This means it is best to think about the syntax as actually having two distinct parts. The first part (the lexical rules) show us how we can tokenize a stream of characters into a stream of tokens, and the second part (the phrase rules) show us how to parse the token stream into the parse tree. Here’s an example. The source string:

  print( // ⿇🌿
420 );


is made up of these characters:

SPACE SPACE LATIN SMALL LETTER P LATIN SMALL LETTER R LATIN SMALL LETTER I LATIN SMALL LETTER N LATIN SMALL LETTER T LEFT PARENTHESIS TAB SOLIDUS SOLIDUS SPACE KANGXI RADICAL HEMP HERB LINEFEED DIGIT FOUR DIGIT TWO DIGIT ZERO SPACE RIGHT PARENTHESIS SEMICOLON

When we apply the lexical rules to this character stream, skipping the spaces (and comments), we get the token stream:

id(print) ( num(420) ) ;

Next, we apply the phrase rules allows us to uncover the parse tree:

A very important thing to note: The frontier of the parse tree is the token stream.

Exercise: Repeat this phrase to yourself five times: The frontier of the parse tree is the token stream.
The parse tree ends at tokens, not characters

Please take the time to consider how silly it would be if the parse tree expanded all of the lexical rules down to characters.
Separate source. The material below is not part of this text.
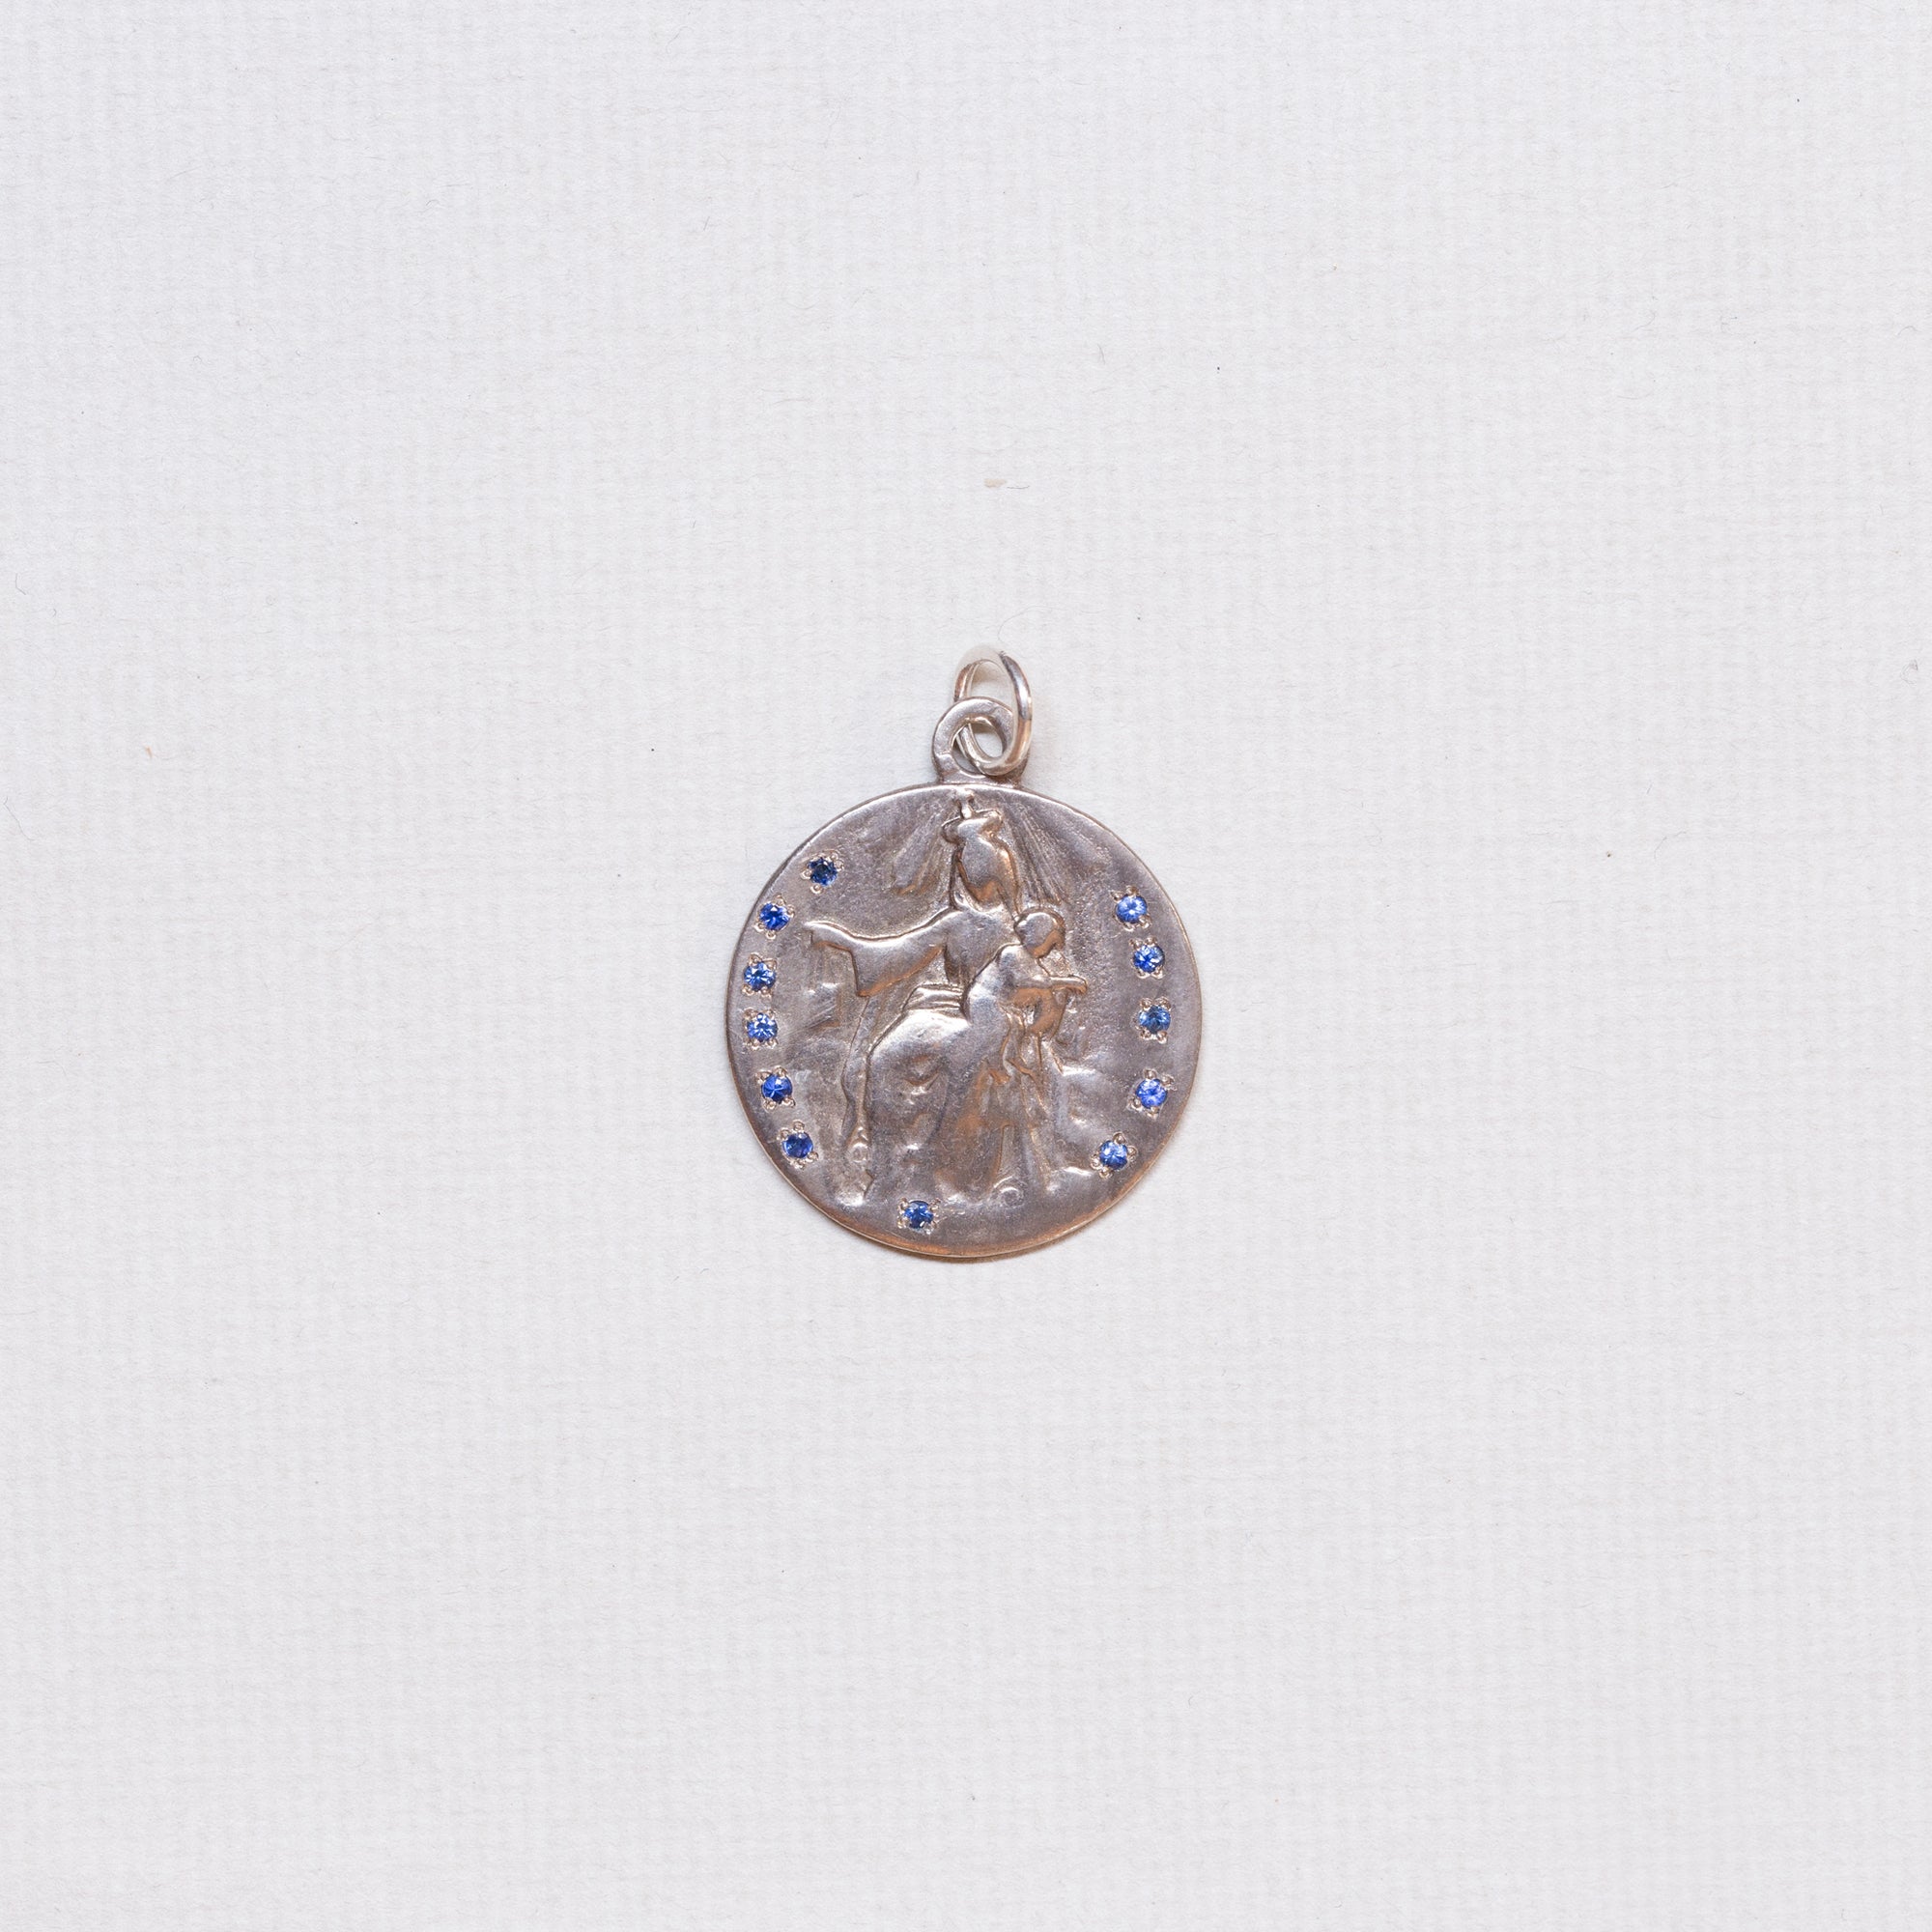 Vintage Sterling Silver Madonna Charm Pendant with Sapphires

Having the parse tree stop at tokens is a good example of what we would call “breaking a complex problem down into simpler parts.”

#### Dealing With Ambiguity

How did we do with our grammar? Well, you know, there is one issue: It can parse the string 9-3*7 in two ways:

Having more than one parse tree for a given input string means that our syntax description is ambiguous. This isn’t necessarily bad, because we could (if we wanted to) leave the ambiguity in the grammar but supply extra informal explanatory text in our language definition that determines how the ambiguity is to be resolved. 🙄🙄🙄 Okay, if you don’t like that idea, we can get rid of this particular ambiguity by adding extra rules in the grammar itself, that basically force an operator precedence:

• An expression is a sequence of one or more terms, separated by additive operators
• A term is a sequence of one or more factors, separated by multiplicative operators
• A factor is made up of primaries, separated by exponentiation operators
• A primary is the most basic thing (variables, numerals, calls), including parenthesized expressions, which allow unlimited nesting
Exp        → Term (("+" | "-") Term)*
Term       → Factor (("*" | "/" | "%") Factor)*
Factor     → Primary ("**" Primary)*
Primary    → num
| id
| Call
| "-" Primary
| "(" Exp ")"


Great! Now there is one and only one parse tree for that previously problematic expression:

Exercise: Argue why, or prove if you can, that, the new grammar is not ambiguous.

If you are still getting used to the grammar notation, let’s see the new rules as syntax diagrams:

Exp
Term
Factor
Primary

Our grammar rules have forced the binary operators into a precedence hierarchy!

• + and - have the lowest precedence.
• *, /, and / have the next higher precedence.
• ** has the highest precedence.

#### Associativity

Wait, we are not done with structuring our operators just yet. The way things stand now, the parse tree for 3-8-5 looks pretty flat:

It doesn’t suggest whether we mean to compute (3-8)-5 (= -10) or 3-(8-5) (= 0). As language designers, we should make the choice of left-associativity or right-associativity or even non-associativity for each operator. There is a way to do this. Let’s make the additive and multiplicative operators left associative and the exponentiation operator right associative:

Exp        → (Exp ("+" | "-"))? Term
Term       → (Term ("*" | "/" | "%"))? Factor
Factor     → Primary ("**" Factor)?


Or, equivalently, in diagrams:

Exp
Term
Factor

How the heck does this work? Study these parse trees, and hopefully the insight will come to you! (Hint: remember the grammar is designed to force the tree to “come out” a certain way.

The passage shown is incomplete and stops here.